I have to wonder about this interpretation. If, as we suspect, we have been under an “Hyperdimensional Raj”175 for these many thousands of years, we might think that much of this material is designed to do one of two things:

1) to inform us about the “control system”

2) to perpetuate it

What would be more natural than for the Matrix Control system to manipulate people to think that “visualizing” these grids will bring them into “harmony” with the earth and that this is a “good thing”?


175 Thanks to C. Scott Littleton for this handy term.


It may be, in fact, that it is designed to strengthen the prison and to make human beings into the “batteries” that keep it in place! However, that does not mean that discovering these things and knowing where these points are is not a useful exercise. But, to take this very scientific knowledge, ignore its possible correct applications, and fall into the trap of doing what amounts to “rituals” of visualization so as to bring oneself into “harmony” with the earth may be exactly what “they” want us to do.

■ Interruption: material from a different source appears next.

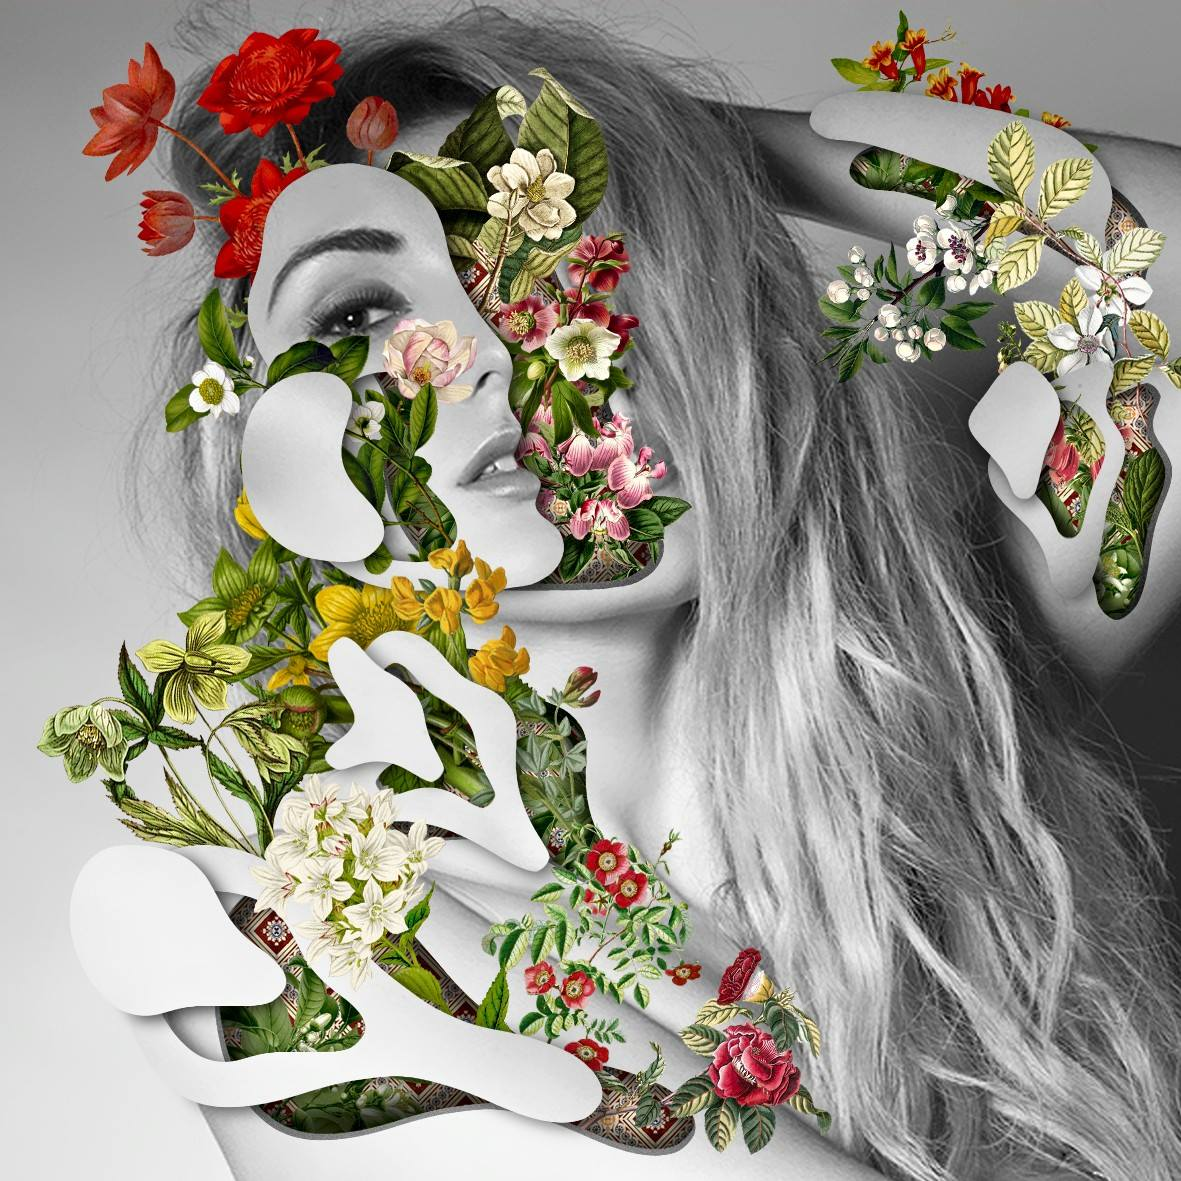 Collage Visage Fleur 03 La Boite Verte

The very fact that it is being so widely promulgated in this way suggests to me that this is the case.



Possible Antagonistic Polarities in Ancient Civilizations

When one tracks back through all of the ancient “matters” and studies the different groups, trying to follow them as they moved from place to place, studying the genetic morphology in order to keep track of who is who, and comparing linguistics and myth and archaeology, one comes to the startling realization that there were significant polarities throughout space and time.

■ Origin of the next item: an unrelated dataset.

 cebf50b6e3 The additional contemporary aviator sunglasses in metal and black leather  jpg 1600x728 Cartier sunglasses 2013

I have tentatively identified these polarities as the Circle People and the Triangle - or Pyramid - People. In a general sense, one can see the broad brush of the triangle people in the Southern hemisphere, in the pyramids and related cultures and artifacts.

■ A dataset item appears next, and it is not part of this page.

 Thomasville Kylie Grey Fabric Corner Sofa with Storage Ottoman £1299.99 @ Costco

For the most part, their art is primitive and stylistically rigid. In the northern hemisphere, one sees the circle makers, the spirals, the rough megaliths, the art of Lascaux and Chauvet and the many other caves. One can note a clear difference between the perceptions and the response to the environment between the two trends and groups. Of course, there are areas where there was obvious mixture of both cultures and styles, and ideological constructions, but overall, there is a very distinct difference.

There are many books on “alternative science” being published in the present time about the purported ancient civilizations. One assumption that they all seem to hold in common is that everything was all hunky dory, sweetness and light among all the people, and the only thing that happened was that a nasty cataclysm came along and brought it all to an end.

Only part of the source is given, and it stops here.